■ What you need to do:
Your job is to retype all of the data word for word, leaving every image out.

■ Source data:
++++++++++++++++++++

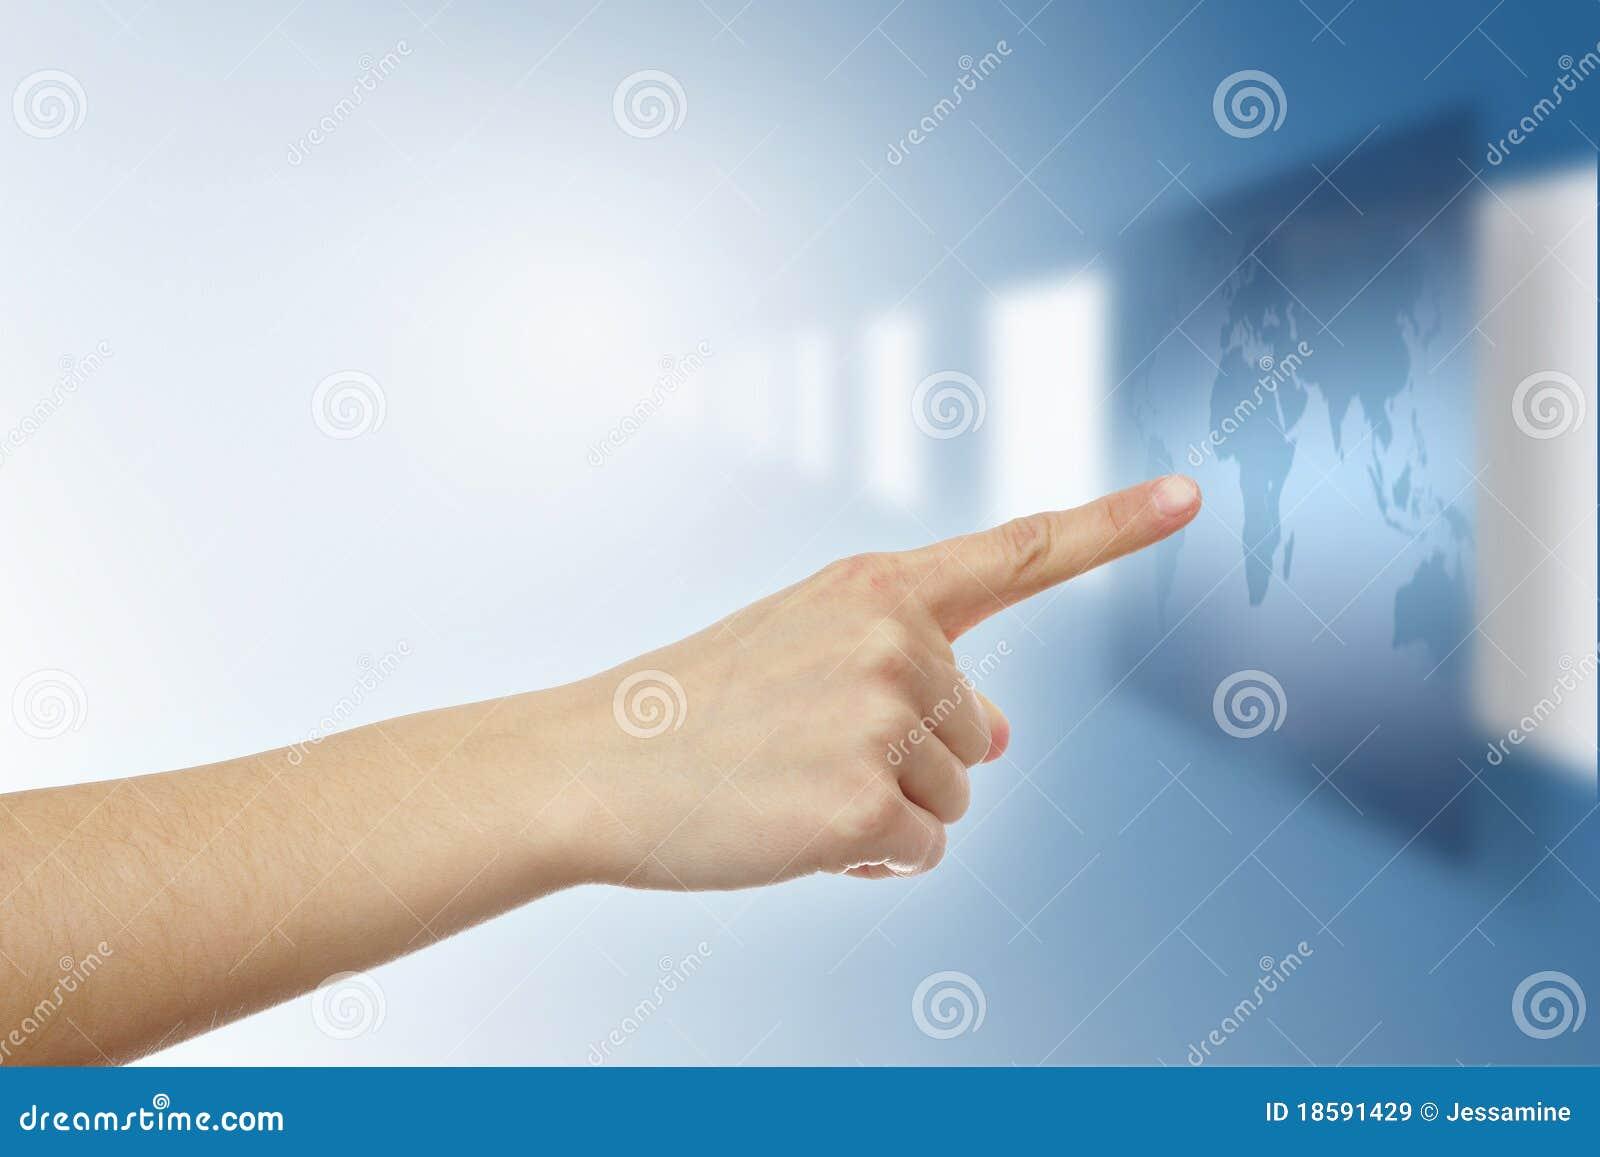 dedo virtual
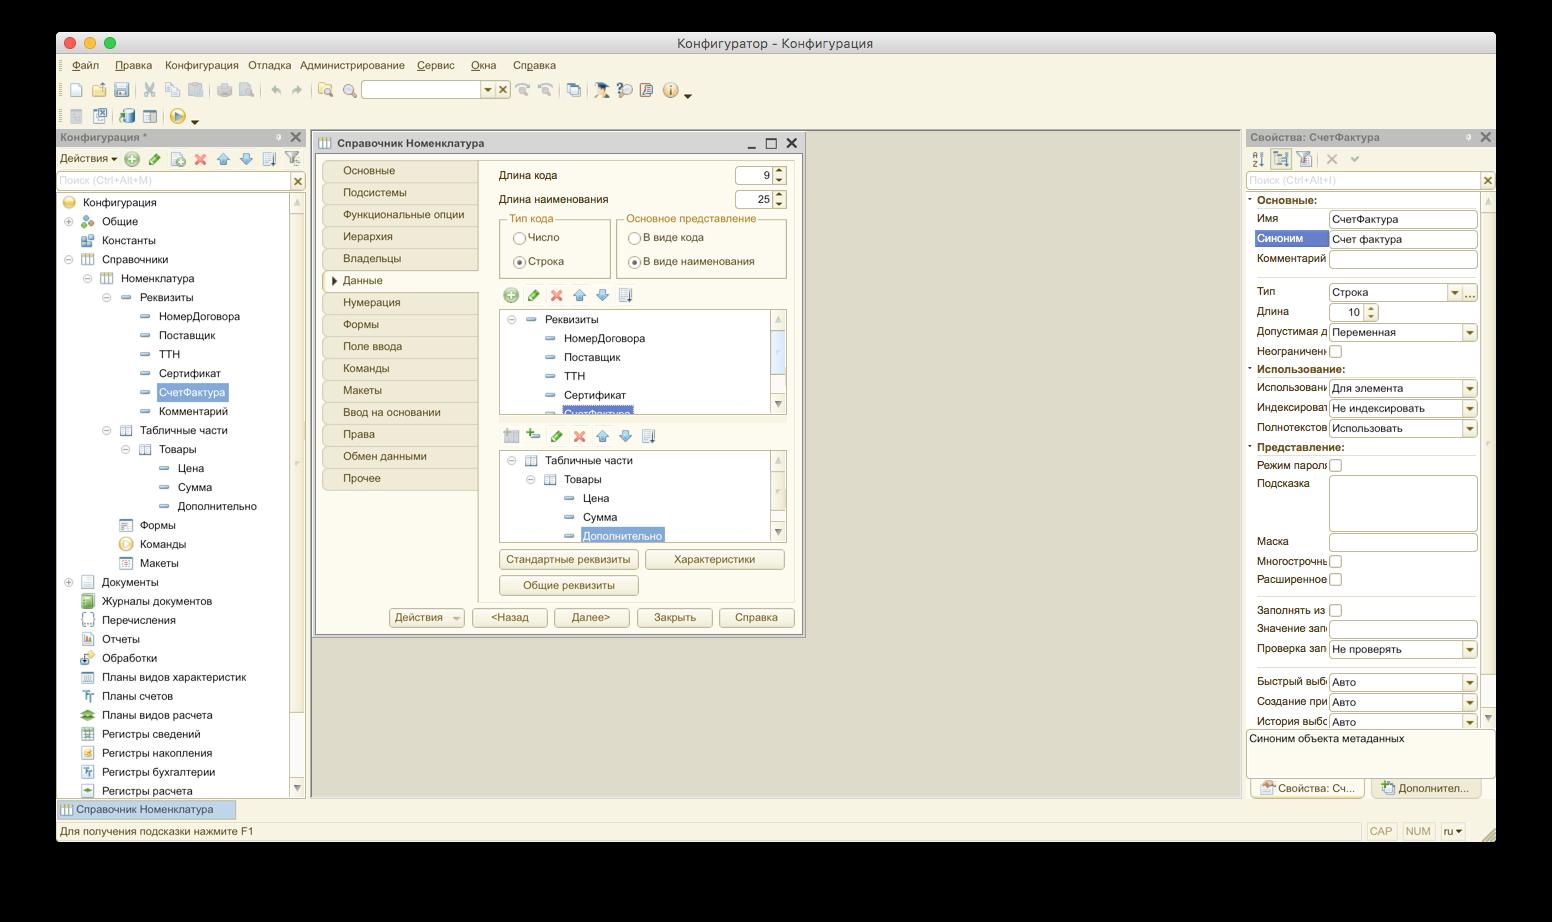 Программы для системного администратора предприятия
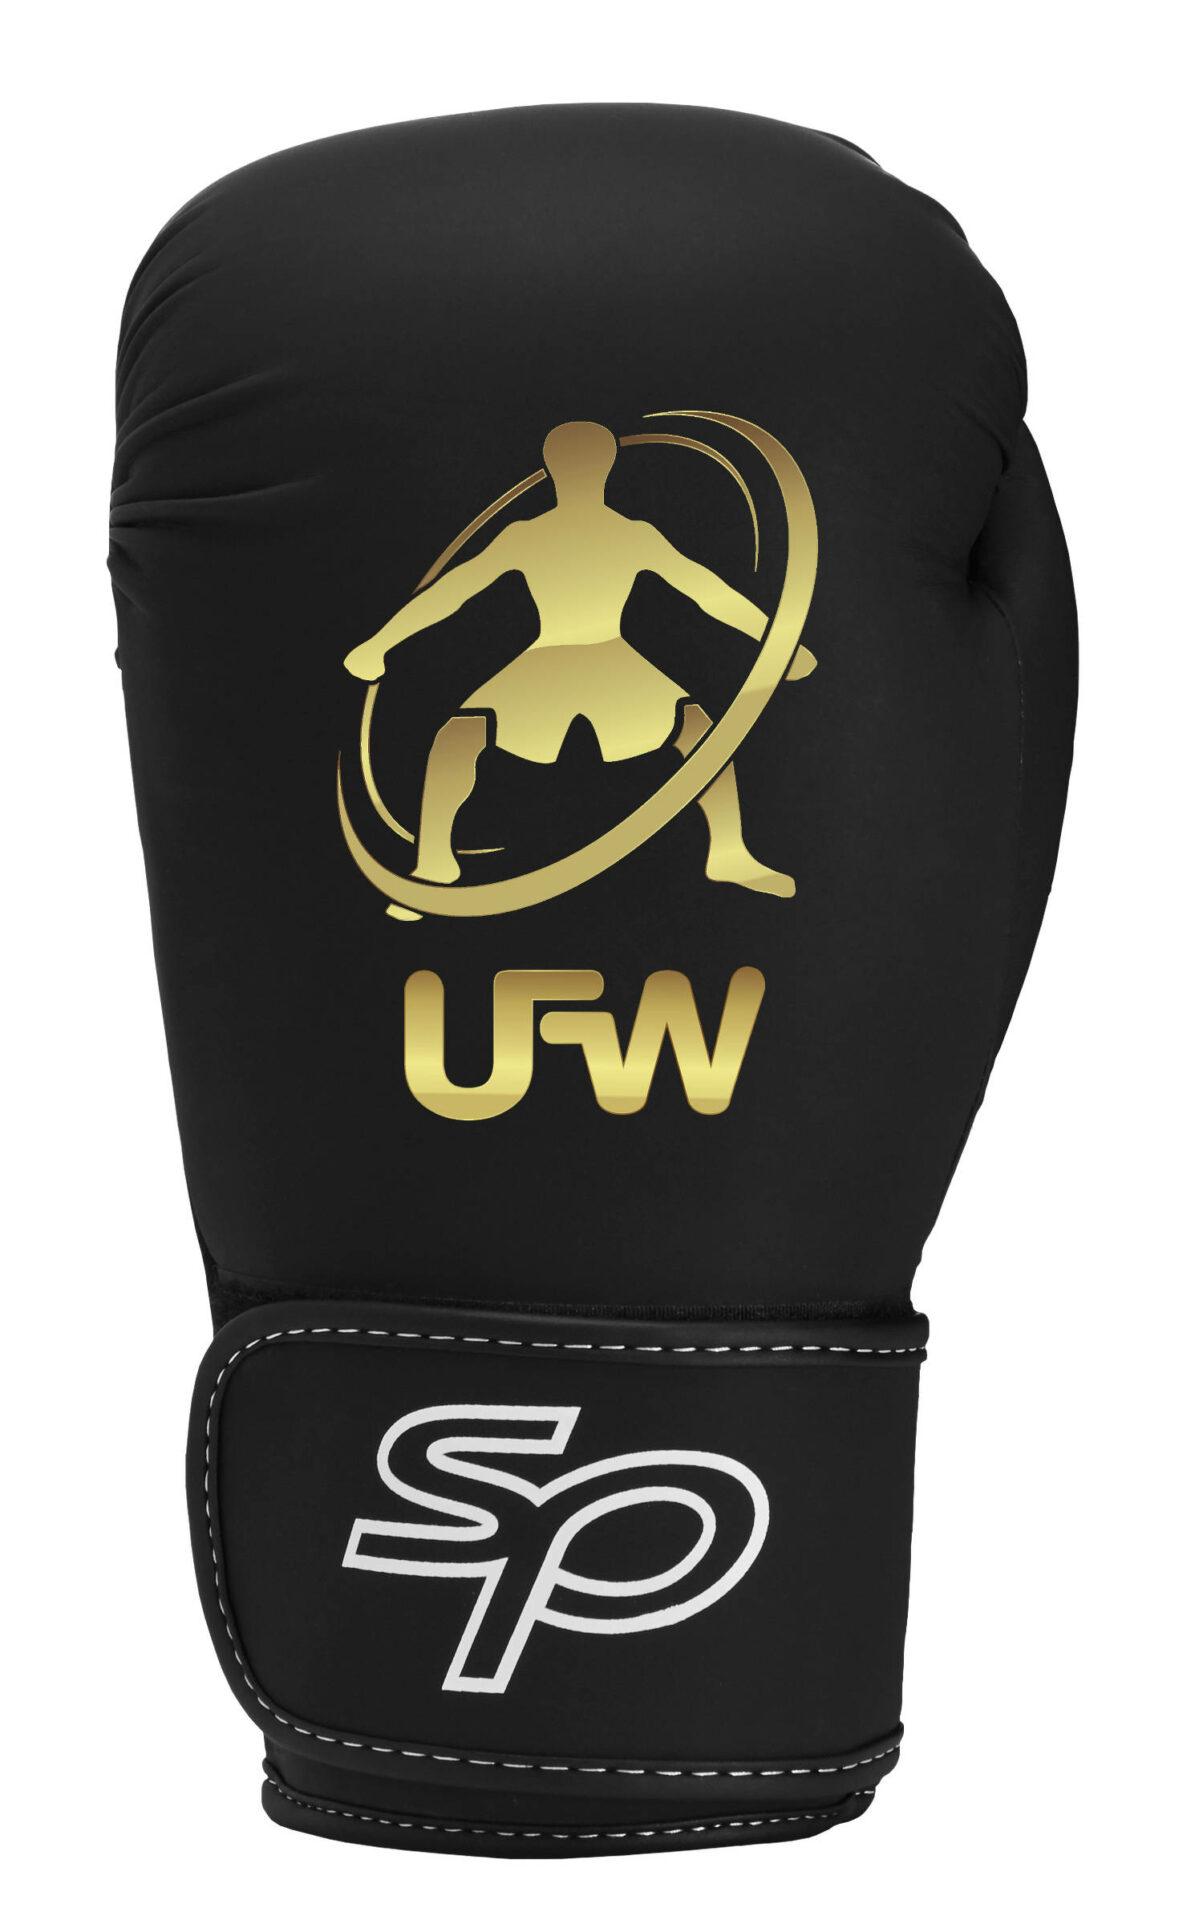 MYBOXGLOVE; uniek voor de bokswereld! Bokshandschoenen individueel personaliseren.
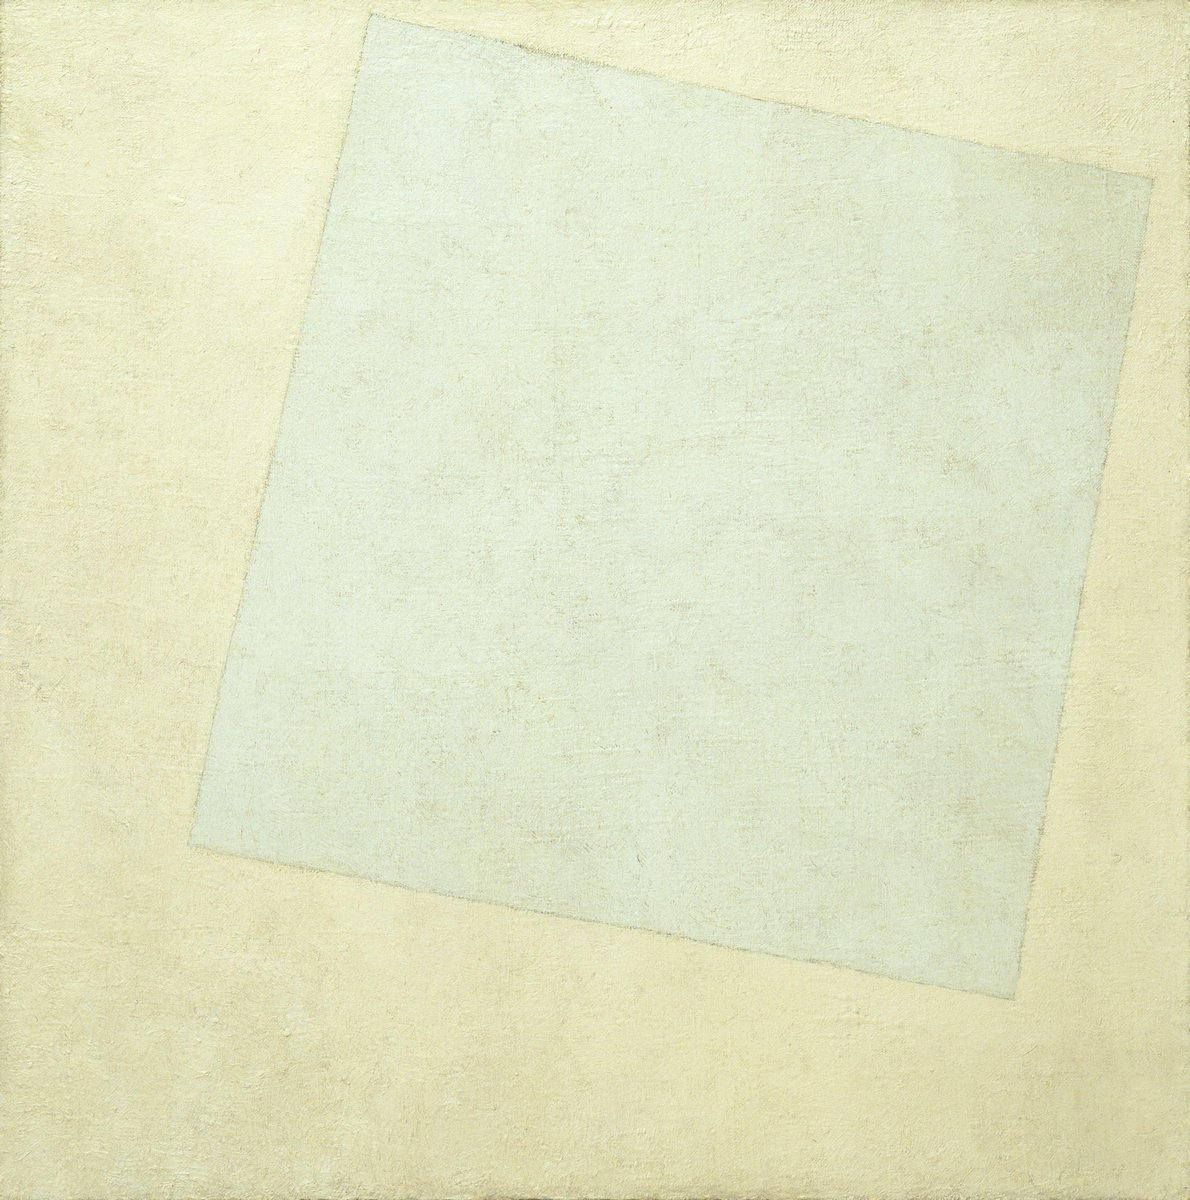 Малевич Казимир, картина Белое на беломМалевич Казимир<br>Репродукция на холсте или бумаге. Любого нужного вам размера. В раме или без. Подвес в комплекте. Трехслойная надежная упаковка. Доставим в любую точку России. Вам осталось только повесить картину на стену!<br>

++++++++++++++++++++

■ Answer for the task:
 dedo virtual
 Программы для системного администратора предприятия
 MYBOXGLOVE; uniek voor de bokswereld! Bokshandschoenen individueel personaliseren.
 Малевич Казимир, картина Белое на беломМалевич Казимир<br>Репродукция на холсте или бумаге. Любого нужного вам размера. В раме или без. Подвес в комплекте. Трехслойная надежная упаковка. Доставим в любую точку России. Вам осталось только повесить картину на стену!<br>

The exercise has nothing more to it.